Known as the frightening and extremely rare genetic disease that literally destroys your whole nervous system, Tay Sachs Disease typically shows up due to the enzyme beta-hexosaminidase A is absent in the body. Any person afflicted by Tay Sachs Disease experience a malfunction of their brain cells because the body accumulates fatty compounds in the brain cells and in the tissues. The mental capacity and overall growth of the patient is the area that is mostly affected.
Something else you need to know is that Individuals suffering from this debilitating disease eventually become deaf and blind. What’s more, patients experience face muscle atrophy that will in time cause paralysis. Because Tay Sachs Disease is a genetic disorder, it can only be inherited from either their our mother or father. This genetic disorder impacts a child from the moment they are born. Symptoms can lie dormant for up to seven months. You may notice muscle twitches during that period. From birth until around a year old, babies tend to suffer a break down in motor skills.

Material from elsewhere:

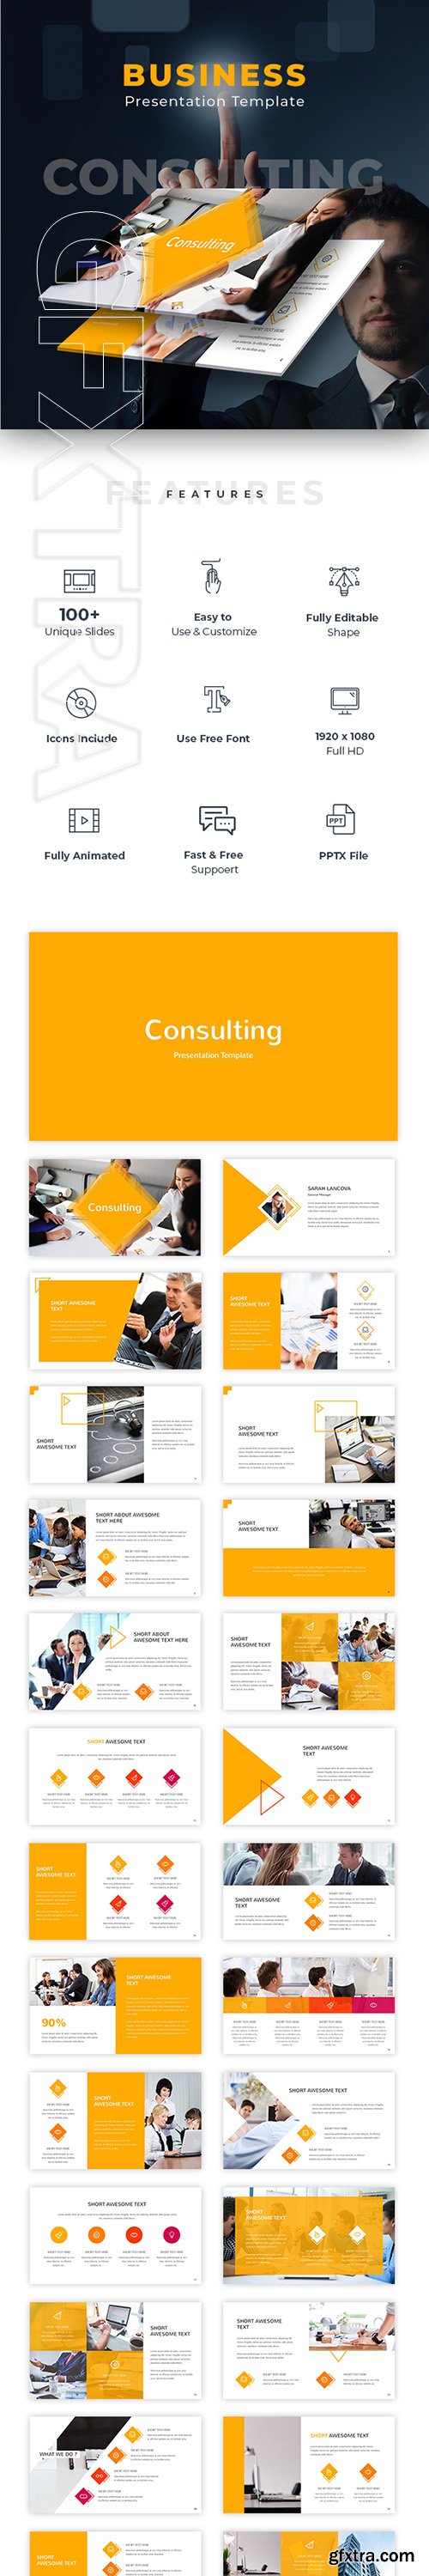 GraphicRiver - Business Consulting Powerpoint 22597797
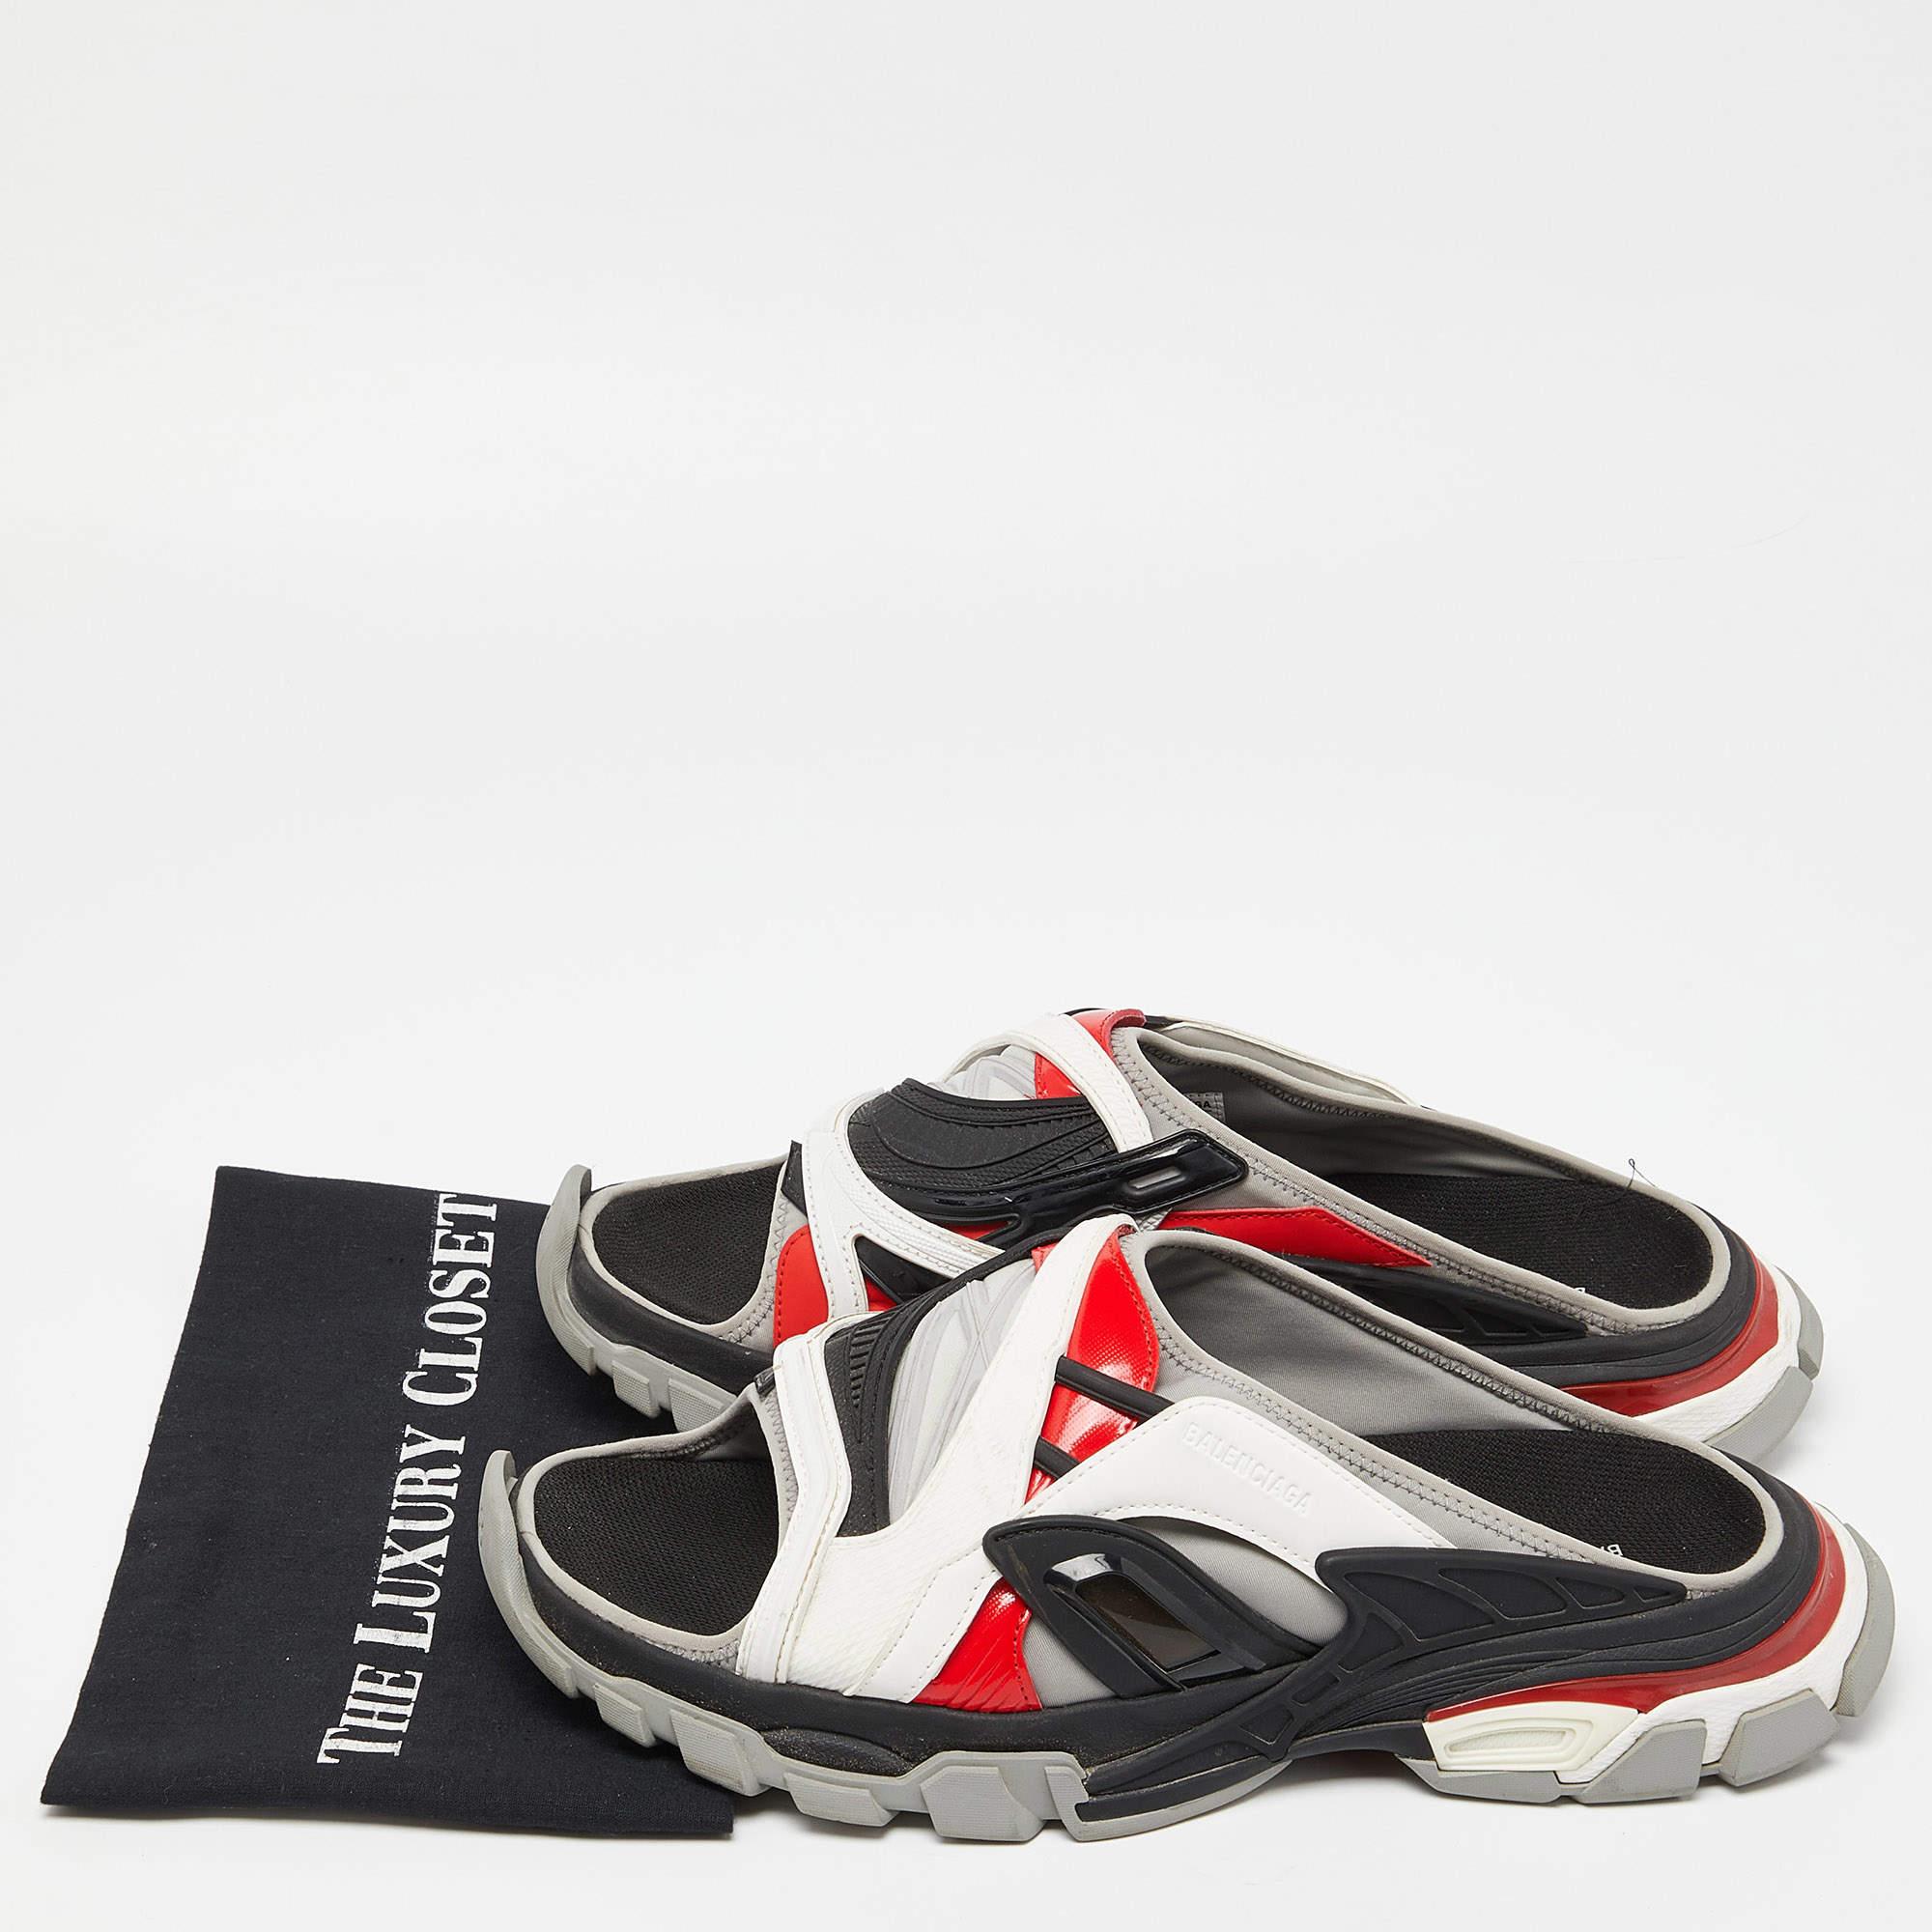 Balenciaga Tricolor Rubber and Leather Track Slides Size 45 4

As time passes, Tay Sachs Disease becomes more and more intense resulting in vision and hearing loss. There is no known cure or effective treatments for Tay Sachs Disease. The only course of action to try and make the patient as comfortable as possible by minimizing the symptoms with prescription medicine. Certain meds are able to greatly reduce pain and cut down on muscle twitching. Family support is critical for individuals entering into the late stages of the disease. Getting genetic counseling is highly recommended for Tay-Sachs patients who are planning to get married or considering becoming parent.